What are the four requirements for the substance that is used to measure GFR?
- Must not alter GFR
- Freely filtered at glomerulus
- Not reabsorbed / actively secreted in nephron
- Not metabolised / produced by kidney
Why do we measure GFR in the first place?
- Provides an assessment of global renal function
- Pathology causing loss/damage to glomeruli affects kidney generally – GFR loss correlated with general loss of function
- Guides management in chronic kidney disease (CKD)
- Rate of decline predicts need for renal replacement therapy
- Used to guide dosing of potentially toxic (renally cleared) drugs
What are examples of exogenous substances that can be used to calculate GFR?
As a whole, not commonly used.
What are two endogenous substances that are used to calculate GFR?
Creatinine - more commonly used
* Small molecule (113 Da)
* Produced at relatively constant rate (muscle metabolism)
* Some active tubular secretion
* Long established role in GFR measurement
Cystatin C
* Small protein (13kDa), inhibitor of proteases
* Produced by all nucleated cells
* No significant tubular secretion/absorption
* 10-20x more expensive to measure (than creatinine)
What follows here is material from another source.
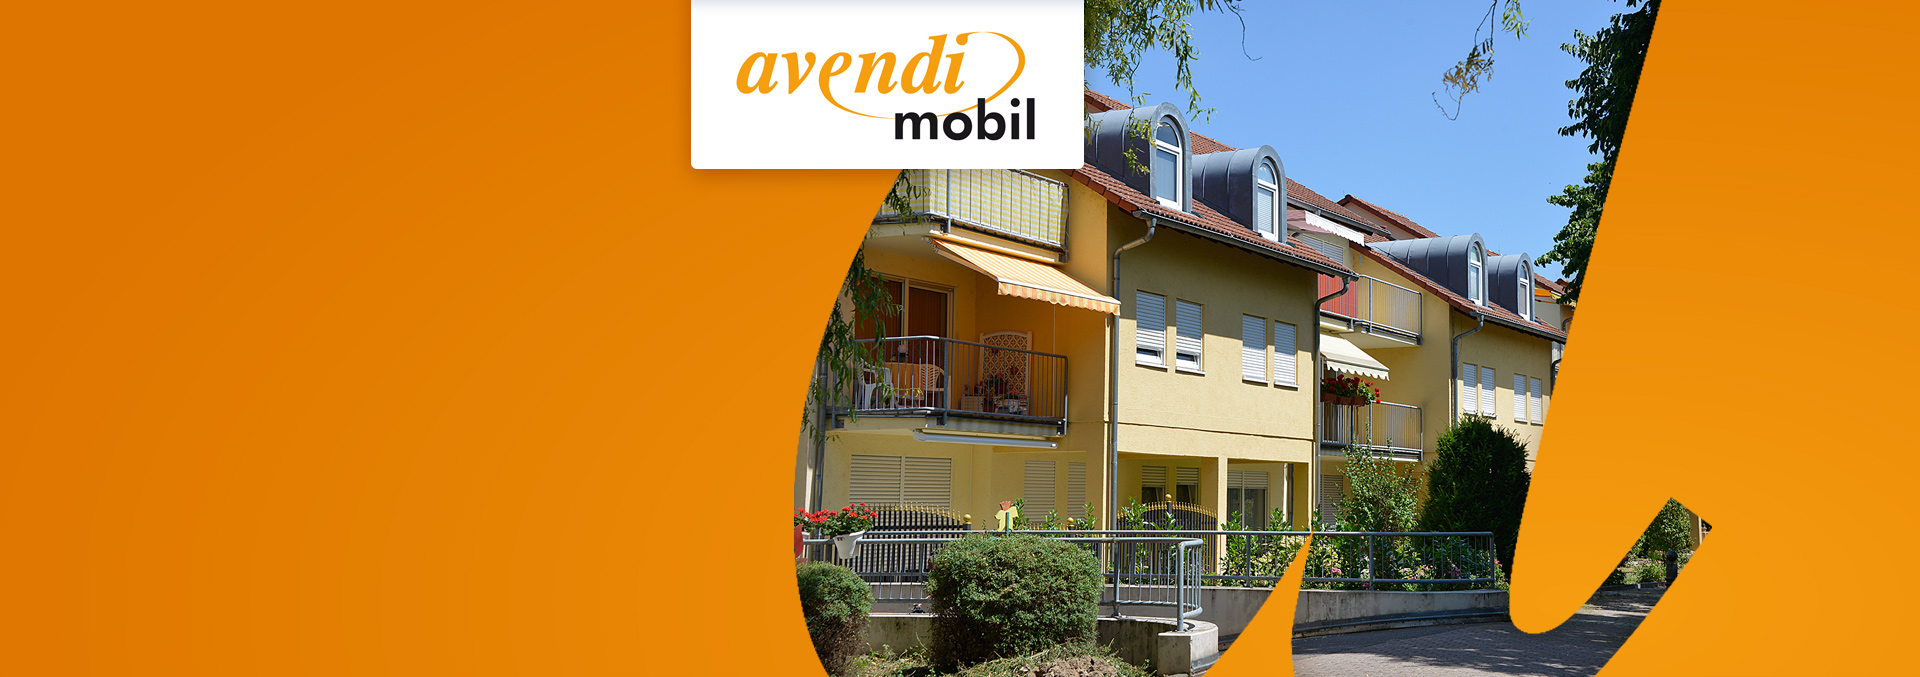 Ambulanter Pflegedienst avendi mobil Kehl: Gelbe dreistöckige Häuser mit Vorgärten in begrünter Straße.

* Relatively new method of measuring GFR
Why is it challenging to calculate GFR by measuring urine Creatinine and volume?
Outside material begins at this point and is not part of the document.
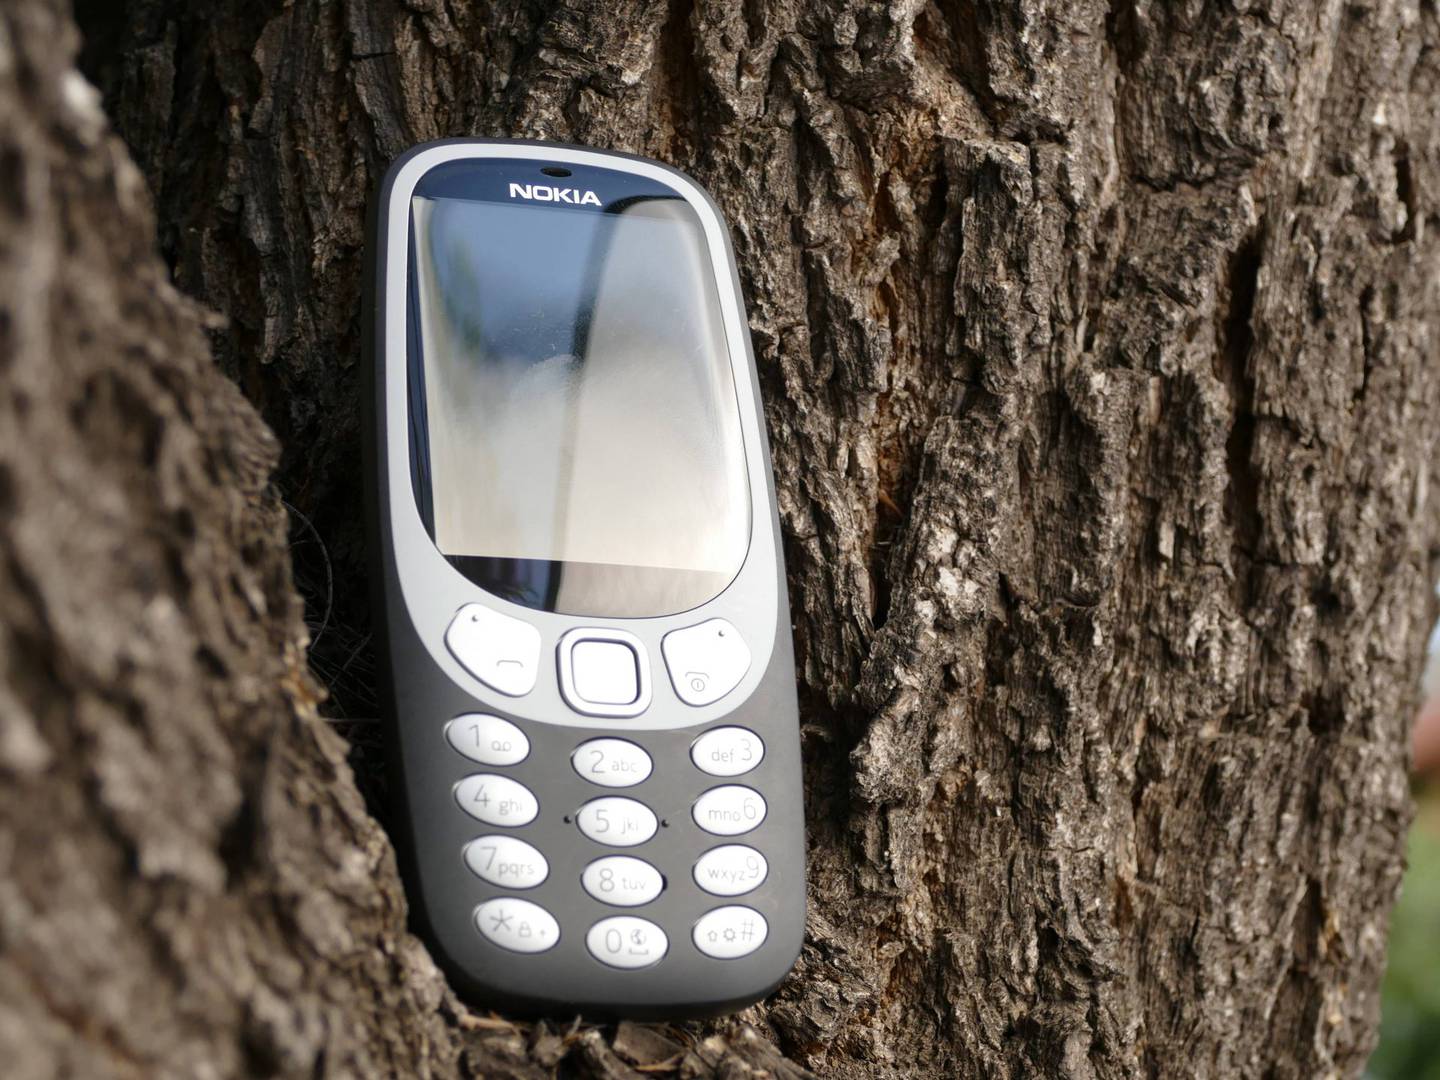 El Nokia 3310 volverá a las tiendas este año

Requires 24 hour urine collection
- Inconvenient for patient
- Inaccurate: may not be complete, may be mis-timed
- Imprecise: involves combination of imprecision from 4 variables…
Futhermore… At very low GFR (advanced renal failure) there is further inaccuracy
* less creatinine filtered
* amount creatinine secreted becomes proportionally much larger
So if we don’t measure urine creatinine/volume, how can we measure GFR?
Use plasma creatinine to estimate GFR (eGFR)
Based on the assumption that there is a recipricol relationship between plasma creatinine and GFR
- Low GFR means that there is more creatinine in the blood
- Higher GFR will results in more clearance and thus a lower plasma creatinine concentration
Very large inter-individual differences caused by differences muscle mass (production of creatinine) so must be taken into consideration
What are some examples of different equations used to calculate eGFR?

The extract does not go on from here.